Since SMAP snow melt data is ingested in three hour increments, the collection is MASSIVE. To handle this, I am exporting a daily aggregated version of the collection to an asset image collection to make future use of the data more managable and efficient. Only 3000 tasks are allowed at a time, so the export happens in two batches: 1) 2015-04-01 to 2022-12-31, and 2) 2023-01-01 to 2025-10-24 (last available SMAP date). The exported asset should already be masked to the Utah region but will need to double check.

> NOTE: The snow-melt collections should be considered depreciated as we have moved to using combined snowmelt + precipitation data, combining daily snowmelt delta_SWE data with precip data to produce more accurate monthly aggregations of water inputs

### **SNODAS + Precipitation Collections (Merged Water Inputs)**
*Depending on the value of Delta_SWE, calculation of water input varies such that `Input = Precip - Delta_SWE` for accumulation days (Delta_SWE > 0) and `Input = Precip + |Delta_SWE| * 0.9` for ablation days (Delta_SWE <= 0).

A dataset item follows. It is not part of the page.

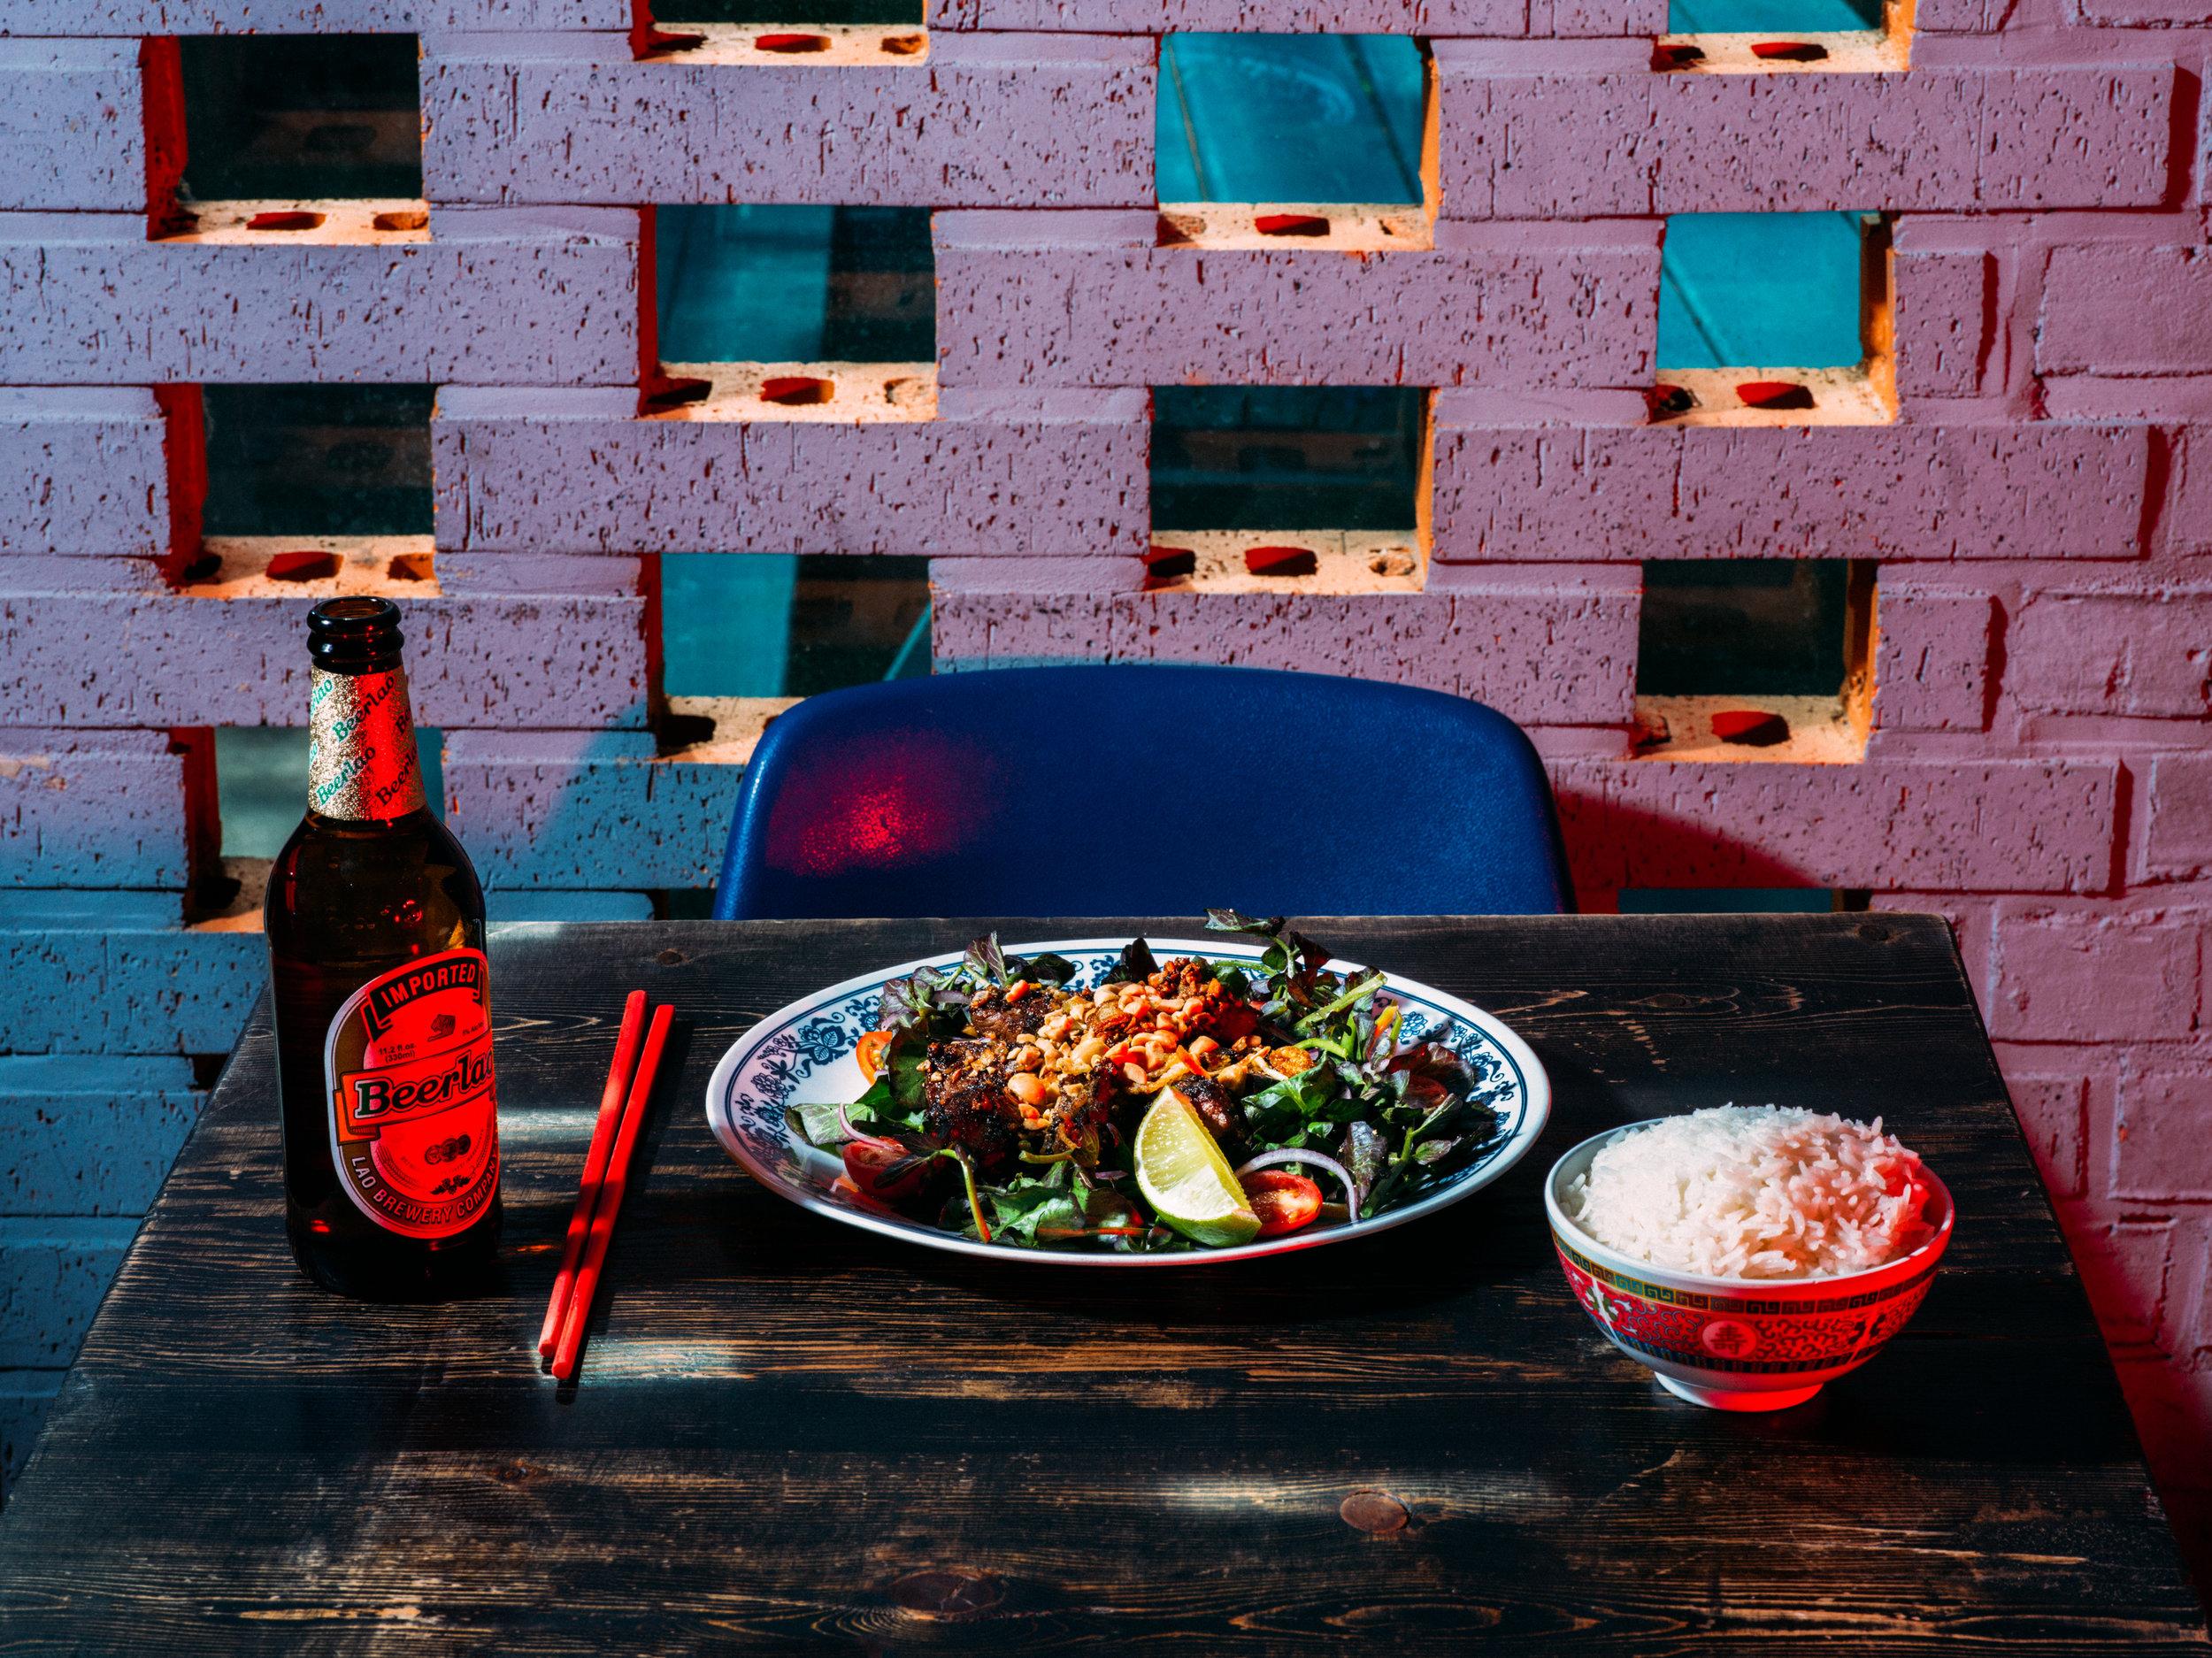 Bunker-Photography-All-Good-NYC-Food-19.jpg

The 0.9 factor accounts for sublimation losses during melt, assuming roughly 10% sublimation. The expression `Input = Precip - Delta_SWE` accounts for precipitation as rain or snow, such that there is no need to account for phase changes separately.*

SNODAS + Precipitation data sources:
- SNODAS + DAYMET (monthly)
- SNODAS + PRISM (monthly)
- SNODAS + GRIDMET (monthly) 

### **Irrigation Collection**
- Irrigation Rasters Derived From UDWR Data (monthly)
> Created by merging UDWR active and passive irrgiation water budget data for each Utah subregion (basin) and available UDWR Water Related Land Use (WRLU) shapefiles. UDWR water budget data is yearly, so assumptions were made that irrigation occurs only between april-october and the yearly values are distributed among the irrigation months and ONLY at pixels that align with WRLU data indicating locations that are irrigated. Scaling factors are applied between april-october to account for mid-summer being the peak of irrigation amounts.

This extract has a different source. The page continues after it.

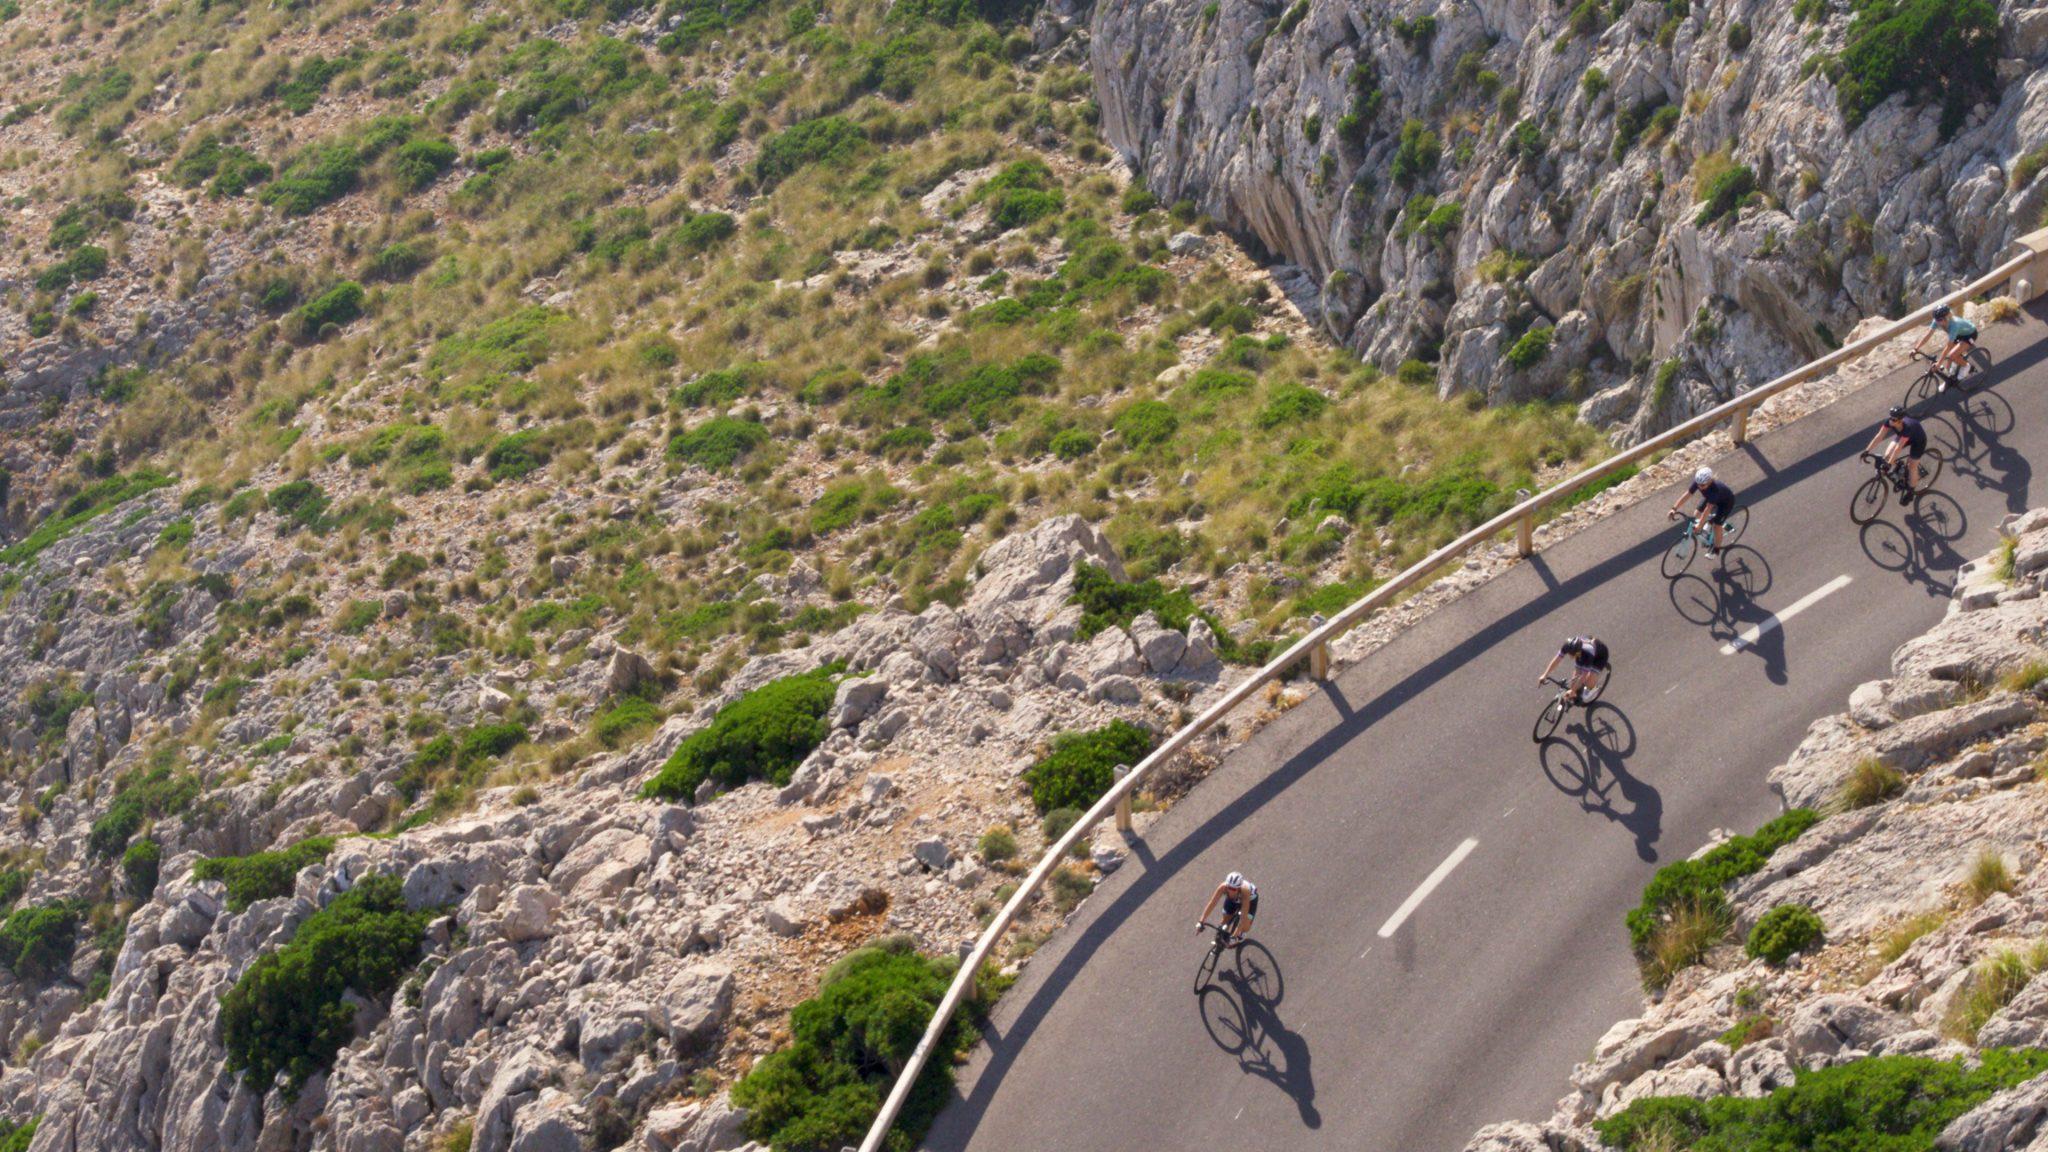 street cyclists

### **Potential Evapotranspiration (PET) Collections**

PET data sources:
- GRIDMET (daily and monthly) **primary**
- ERA5 (daily and monthly)

### **Evapotranspiration (ET) Collections**

AET data sources:
- ERA5 (daily and monthly)
- MODIS (8-day and monthly)
- OpenET (monthly) **primary**
    - DisALEXI
    - Ensemble
    - PTJPL
    - SIMS
    - SSEBOP
    - EEMETRIC
    - GEESEBAL

### **Soil Moisture**

Soil moisture data sources:
- SMAP direct observations (daily and monthly)
- SMAP L4 model (daily and monthly)
- ERA5 (daily and monthly)
- GLDAS (daily and monthly)
- ECMWF (daily and monthly) **Forecast only - will only use if we do forecast models in the future**

**Instead of monthly sum aggregates, monthly soil moisture products grab the first image of each month as the starting condition**

---

Following extensive calibration and validation, the model specifically targets the following datasets for production runs:

| Parameter | Calibrated Asset Source |
| :--- | :--- |
| **Soil Thickness** | Random_Forest_Utah_Model_1km (Custom ML map derived from gNATSGO) |
| **Porosity** | POLARIS_porosity |
| **Field Capacity** | OpenLandMapFieldCap |
| **Wilting Point** | HiHydroSoilWiltPoint |
| **Geo_K (Hydraulic Cond.)** | USGS_NGMD_GeoK_Scaled_Monthly |
| **Water Inputs** | PRISM_SNODAS_combined_inputs_monthly (Intermediate Pre-calculated Asset) |
| **Irrigation** | UT_UDWR_irrigation_inputs_monthly_scaled_30m_v2 (Derived from UDWR) |
| **Actual ET (AET)** | OPEN_ET_EEMETRIC (and other OpenET ensemble members) |

---

---

### 🛠 Scripts & Modules Overview

#### Core Processing Modules (The Logic)
* **`InputCollections.py`:** The "Data Factory". Allows string-based access to complex GEE collections (PRISM, OpenET, etc.) without memorizing asset IDs. It resamples and standardizes all inputs into unified metric units (mm).
* **`helpers.py`:** Contains spatial harmonization logic (`harmonize_to_target()`). It orchestrates a robust server-side loop that matches all time-series imagery to the coarsest grid found, ensuring pixels perfectly align before math is applied.
* **`ModifiedUBM1.py`:** Contains the core `ee.Image.iterate()` logic. This is where the actual water balance math is executed pixel-by-pixel.
* **`SnowMelt.py`:** Handles the complex physics of snowpack changes, partitioning daily soil inputs based on temperature thresholds.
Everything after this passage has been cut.